For instance, Senate President Franklin Drilon says that after he passed the Bar in 1970, he concentrated on his law practice
all through the years the country was under martial law. He also never thought of entering politics under an authoritarian
regime.

But after seeing the ills of martial law, he agrees that “never again” should political leaders impose it.

Tatad, on the other hand, doubts if martial law can still be imposed by a president, given that the 1987 Constitution, with its
strong Bill of Rights, allows Congress to stop any authoritarian attempt at government by declaring martial law.

Satur Ocampo, a business journalist who went underground during martial law, was arrested and tortured, then became
lawmaker post-EDSA, stresses that with its repressive character, martial law cannot be used as excuse for political changes.

He decries Marcos's failure to carry out long-term reforms, whether in economic policies or governance, as he had promised in
his “New Society.”

“[The] net effect [of this is that he gave] authority over life and death [to the] military and the police. They could pick up people,
detain them, torture them and nobody was made to account for it,” he says. Ocampo laments that military and police impunity
exists until now that the government has restored our basic rights.

Like Alcuaz and Almario, Ocampo is certain the communist threat could not have been an excuse for declaring martial law,
since the communist movement was still in the organizing stages in some areas in the country when martial law was declared.

Ocampo admits that he was already “semi-underground” after he quit his job as business editor of the Manila Bulletin and
joined the underground movement with his wife, journalist Carolina Malay, right after Marcos suspended the Writ.

He says like most militant activists, they feared that Marcos would use the suspension of the privilege of the Writ of Habeas
Corpus to start cracking down on political dissenters. They were not mistaken.

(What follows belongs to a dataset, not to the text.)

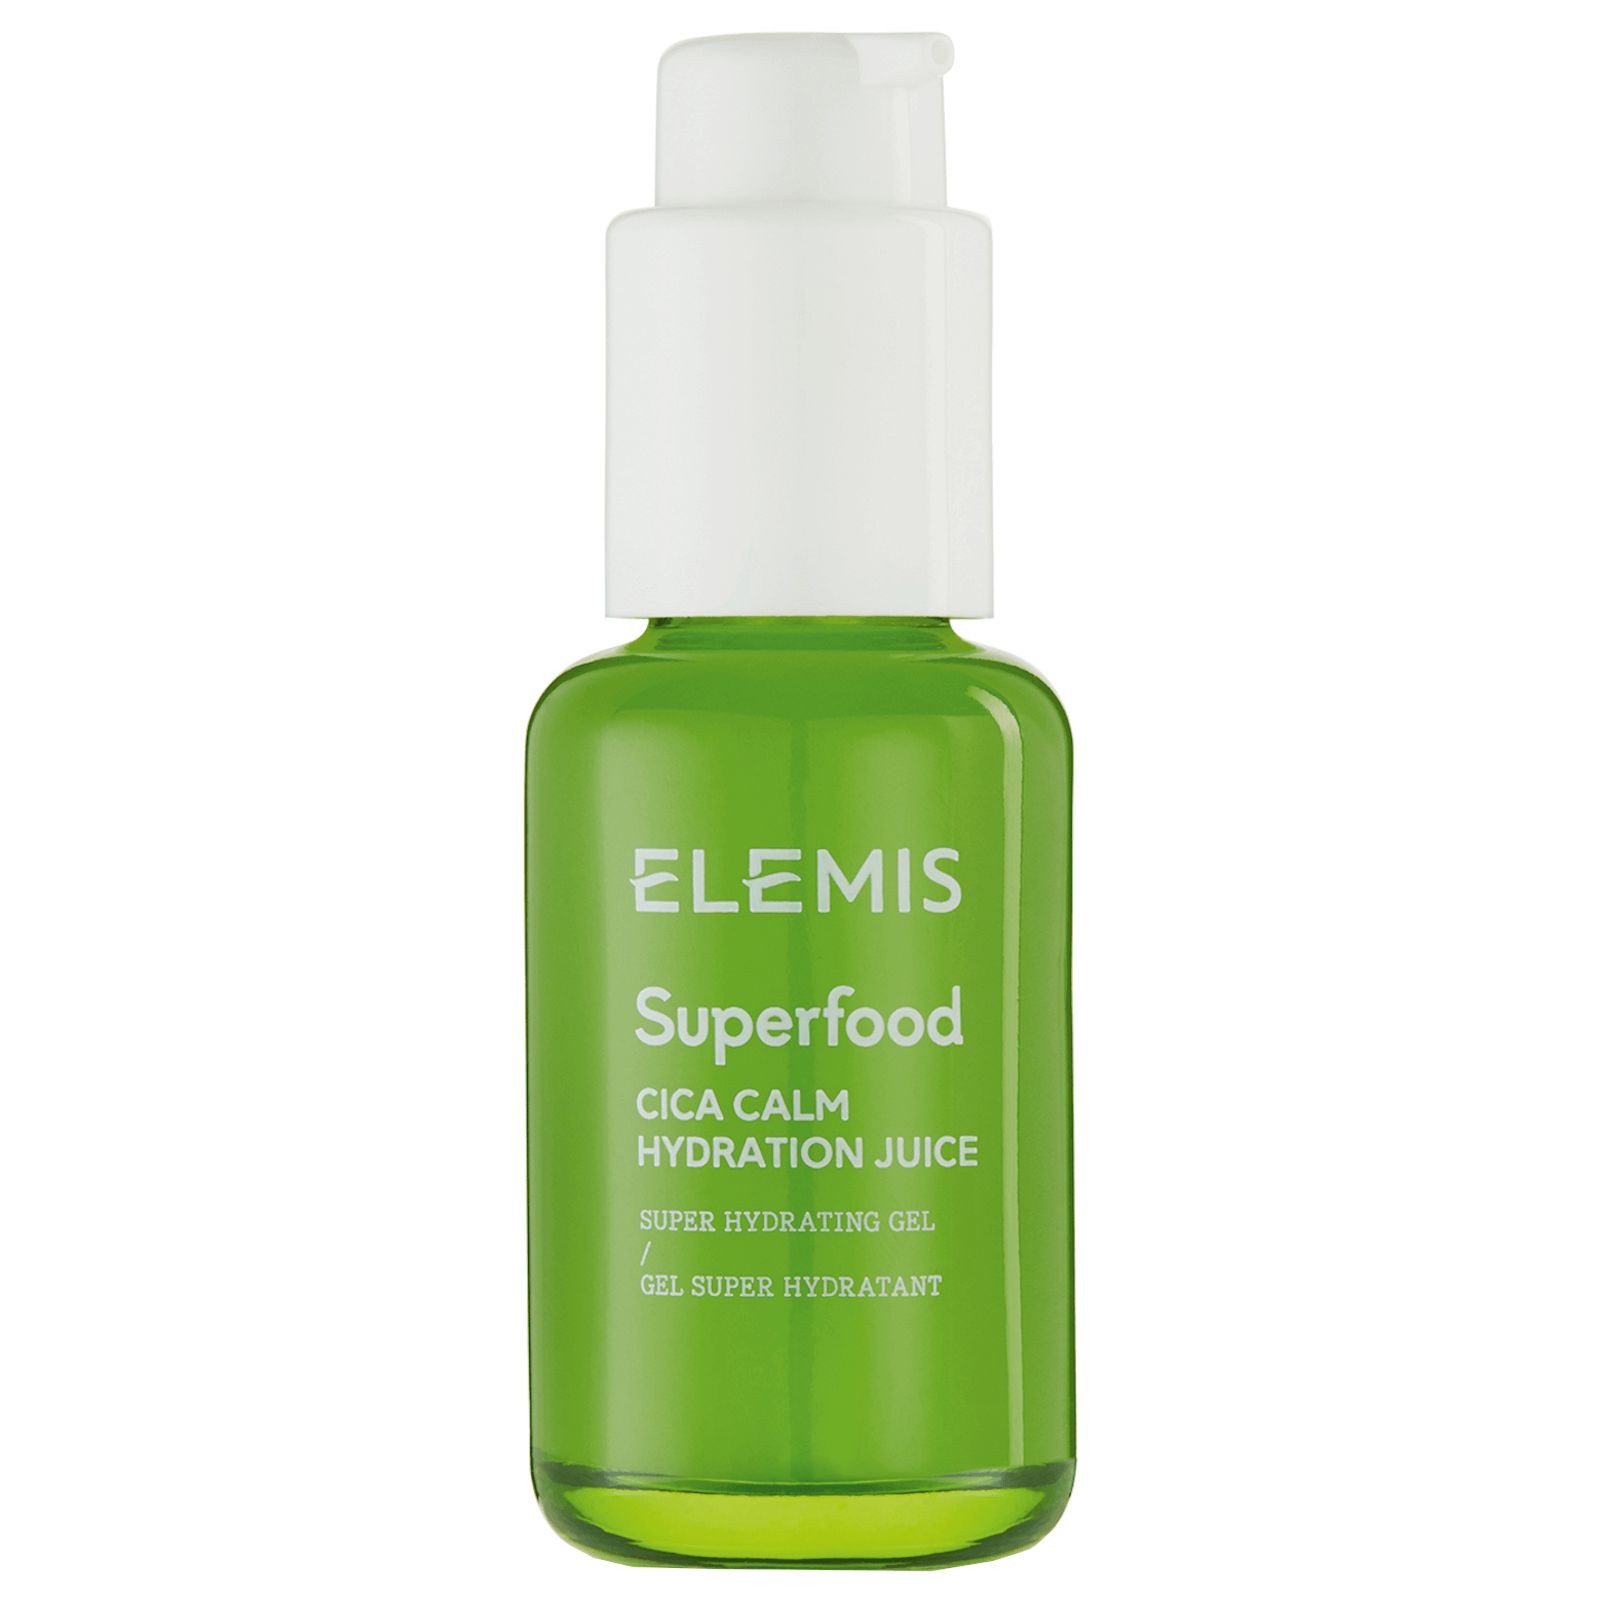 Elemis Superfood Cica Calm Hydration Juice | Skinstore

He says that while there was a seeming political lull during the martial law years, it was the underground movement’s network
and the countryside resistance that sustained the anti-dictatorship struggle.

Ocampo asserts that it was the political Left that played a key role in the political resistance against Marcos’s strongman rule
even before the 1983 Benigno Aquino assassination which triggered public outrage that led to the strongman’s downfall three
years later.
Nevertheless, Ocampo says it remains on record that over 70,000 people experienced being arrested and the strongman
regime was marked by unabated human rights abuses during the dark days of martial law. “So for those who have experienced
martial law, I don’t think they can forget what had happened,” he says.

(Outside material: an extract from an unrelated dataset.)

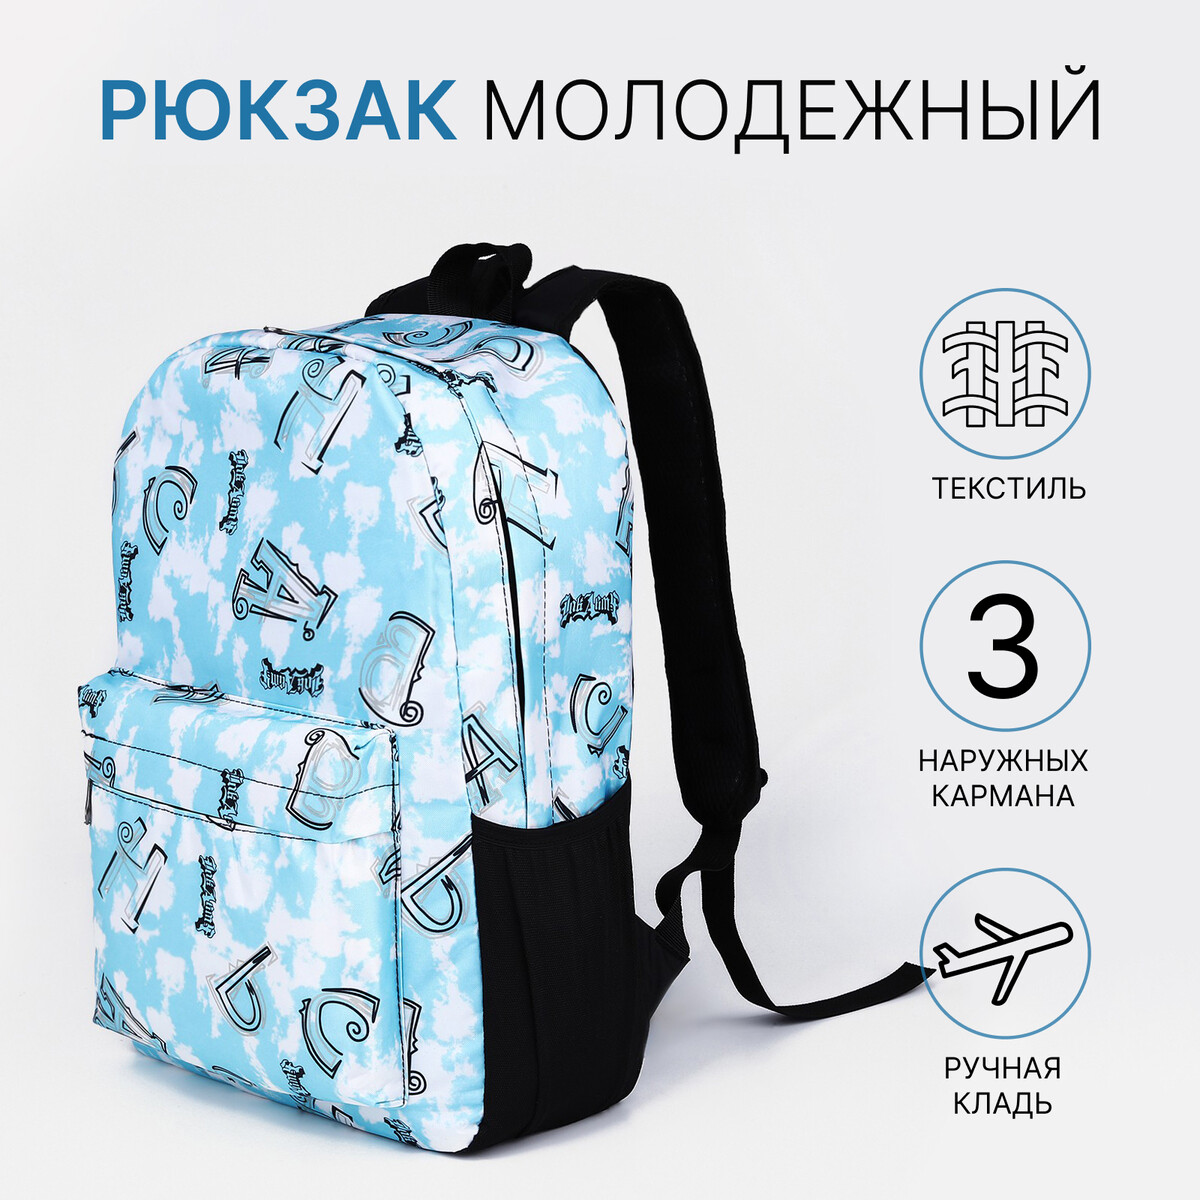 Рюкзак молодежный из текстиля на молнии, 3 кармана, цвет голубой

The brutal heel and the iron fist of martial law may indeed never be forgotten, but its other legacies, and its crucial lessons of
governance are obviously very much around, seamlessly woven into the national fabric like some plague. One only has to
recall how every branch of government can be easily corrupted, as seen in the pork barrel imbroglio, to know this to be true.
Martial law as a proclamation is dead, but after 41 years, its legacy lives.